Pennsylvania sports betting revenue reached $62.2 million in February, an increase month-over-month and year-over-year.

The state received $15.5 million in taxes last month from sports betting revenue.

With only one opportunity for NFL betting on the schedule, Pennsylvania’s sports betting handle in February ($599.5 million) was consistent with prior years. That opportunity, though, featured the Philadelphia Eagles in the Super Bowl against the Kansas City Chiefs.

However, it was a noticeable dropoff from January, when more than $772.2 million was bet in PA.

Pennsylvania sports betting tops $20 billion in handle

Pennsylvania is now the third state to eclipse $20 billion in total sports betting handle, joining Nevada and New Jersey.

Illinois is also expected to do so once it releases its February revenue report in the coming weeks.

Pennsylvania’s first retail sportsbook opened in November 2018. Online sports betting launched a few months later, in May 2019, along with online casinos in PA.

Making up ground in Pennsylvania sports betting market

Online betting accounted for more than 93% of sports wagers in February.
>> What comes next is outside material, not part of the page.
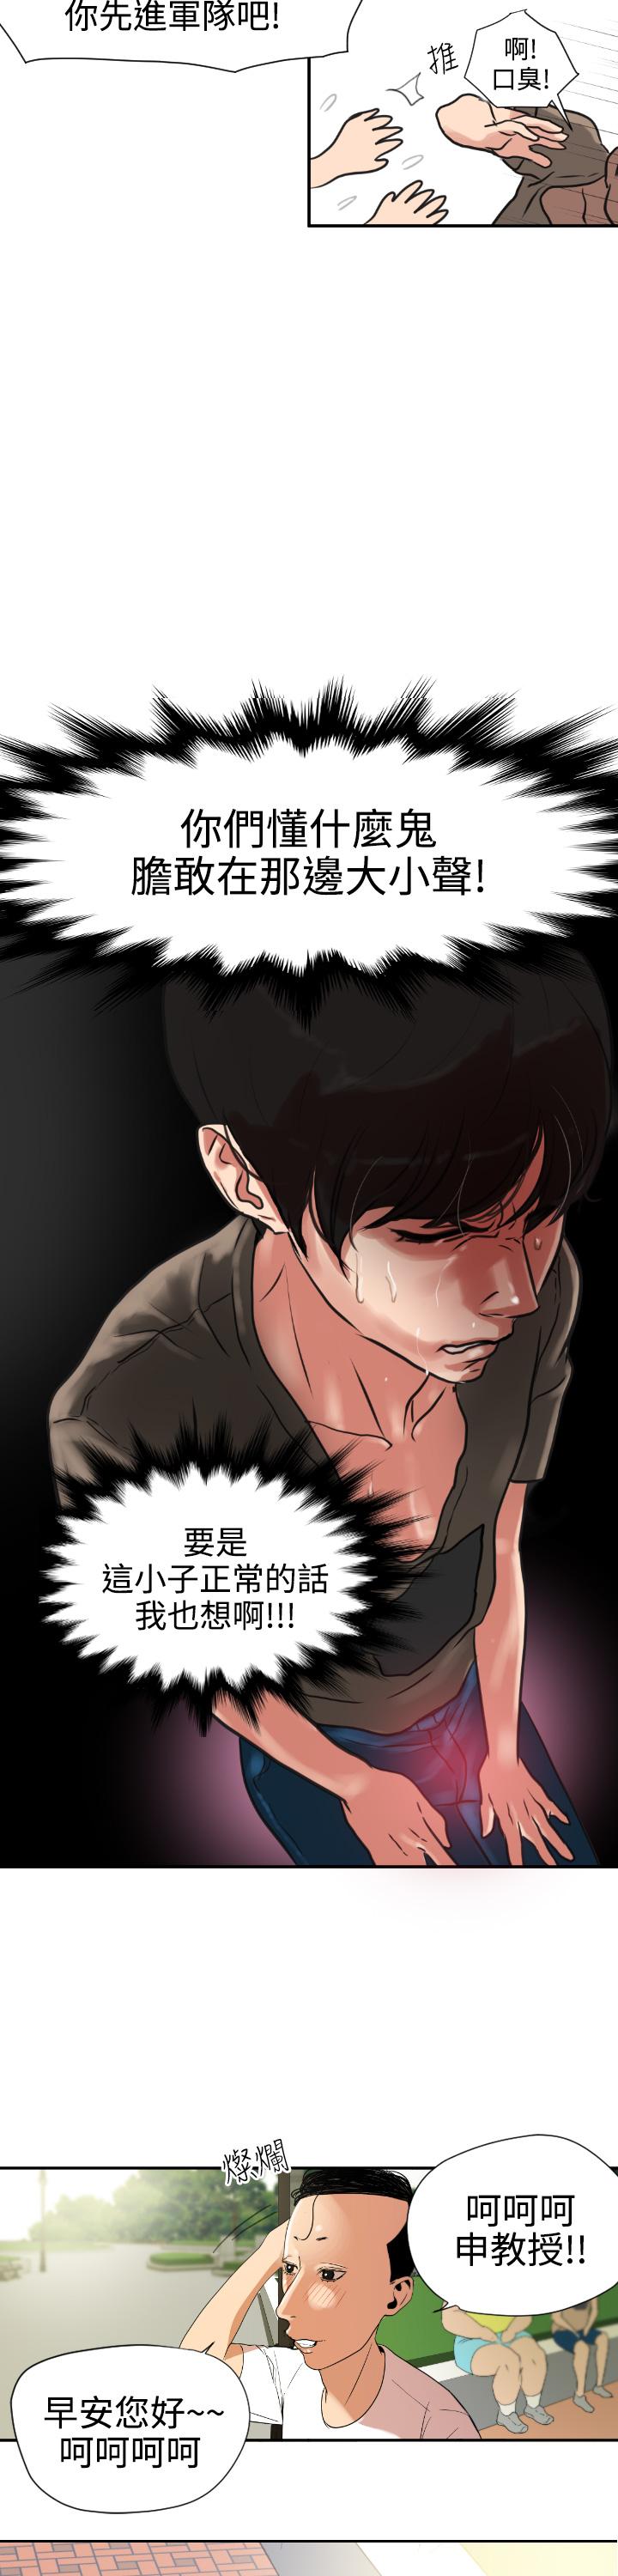 Desire King (慾求王) Ch.1-7 (chinese) 13

FanDuel and DraftKings claim most of the PA sports betting market share. The two operators handled more than 65% of Pennsylvania sports betting turnover last month.

Several sportsbooks spent large portions of their gross gaming revenue on PA sportsbook promotional bets hoping to close the gap.

BetMGM dished out nearly 74% of its GGR in promotions. Caesars Sportsbook topped that by giving out 173% of its GGR in promotional bets last month. The marketing dollars captured 7% and 5% market share, respectively.

Barstool Sportsbook also distributed 38% of its GGR on promos last month. The return was 5.5% of the PA sports betting market.

Sportsbooks hold more 10 percent

The hold percentage for PA sportsbooks topped 10% in February. The hold is the percentage of money the sports betting operator keeps from the total betting dollars, or handle, after paying out winning tickets.

Pennsylvania’s 10.4% hold contrasts two US sports betting markets from last month’s Super Bowl. Kansas sports betting operators held just 1.75%, well below industry averages, following the Chiefs victory.